Albania’s ‘demographic dividend’
Albania’s population is still comparatively young and the number of its elderly relatively low —but that could change fast
Historically and socially, Albania is often the outlier in the Balkans. Until the fall of communism, that was the case in terms of demography too. But ever since, all the data has pointed inexorably in the same direction: Albanians are ageing, emigrating and having fewer children, just like people in the rest of the region.
“We are worried,” said Majlinda Nesturi, the director of social statistics at INSTAT, the country’s statistical agency. Nesturi has every reason to be worried. In 1958, Albanian women had an average of 6.5 children so the population exploded. Clearly no one wants to go back to that, but the last time Albania’s fertility rate was above the 2.1 level needed to replace the current population was in 2003.
In 2018, it was 1.37, which Nesturi noted was “the lowest rate in history”. In 1990, just as communism was collapsing, there were 82,125 births in the country and 18,193 deaths. In 2018, there were only 28,934 births but 21,804 deaths, so the balance, unlike in much of the rest of the region, is still positive. But the trend is radically down, and the median age of Albanians is rising. In nine years, it has increased by more than four years from 32.6 in 2011 to 36.7 in 2019.
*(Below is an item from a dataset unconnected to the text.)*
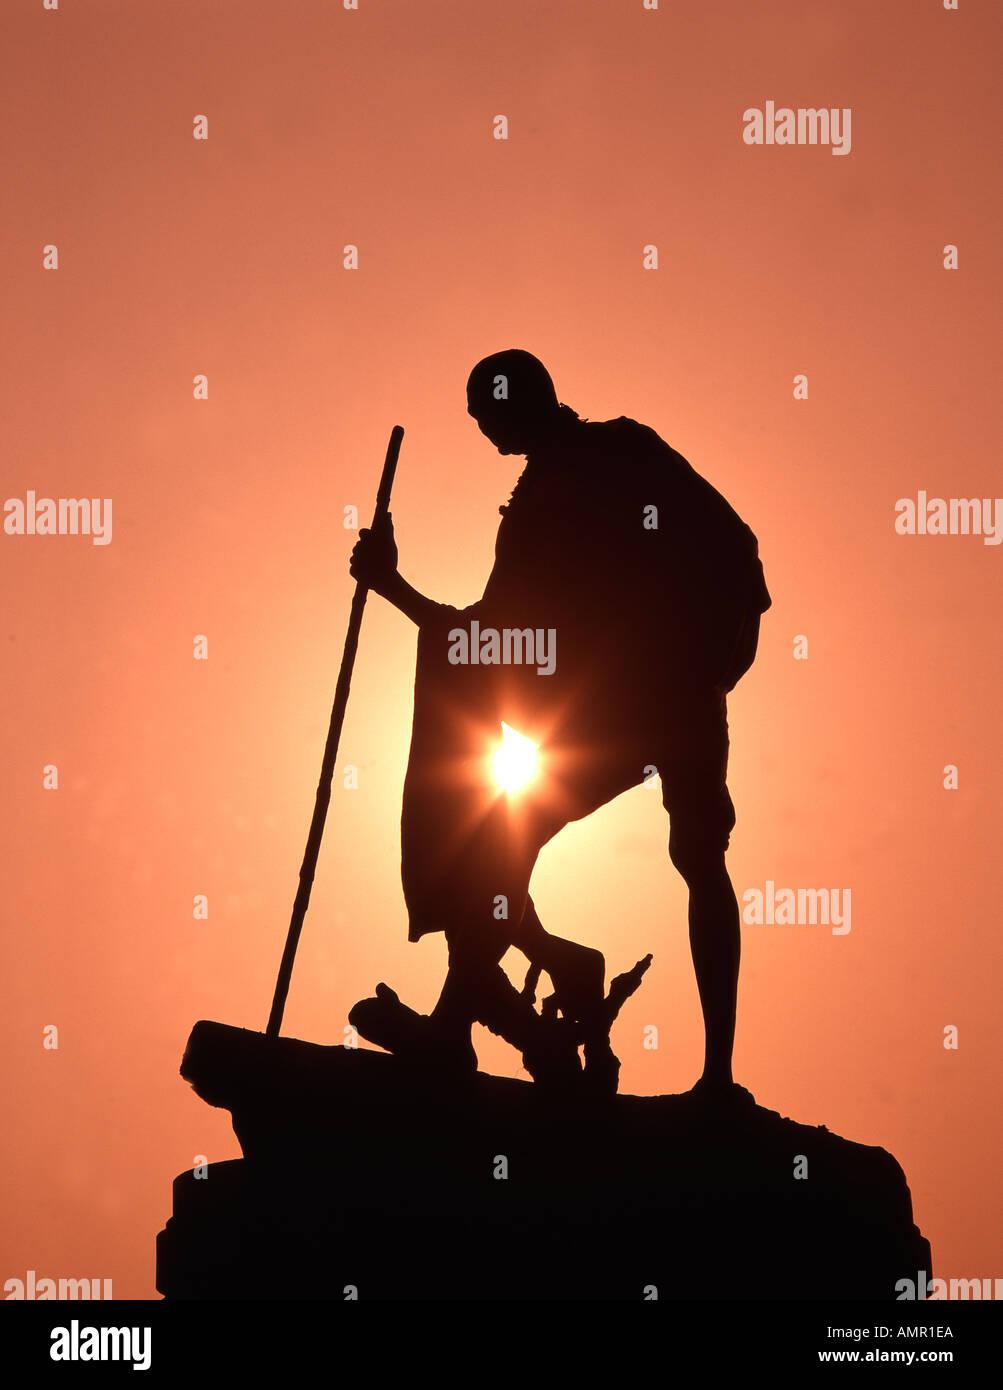 India Tamil Nadu Chennai Mahatma Gandhi - Stock Image

In a bid to encourage women to have children, families get a one-off payment of 300 euros on the birth of the first child, 600 euros for the second and 900 euros for the third. Before the collapse of communism, while Albania had a birth rate not dissimilar to that of Kosovo Albanians or Montenegrins, in terms of emigration it was utterly different from the neighbours.
Greeks had long emigrated to escape poverty and from the 1960s hundreds of thousands of Yugoslavs, including Kosovo Albanians, went to Germany and other countries as so-called gastarbeiters. Albanians, however, were completely sealed in by dictator Enver Hoxha’s paranoid regime. The contrast between the period that ended in 1991 and today could not be more stark.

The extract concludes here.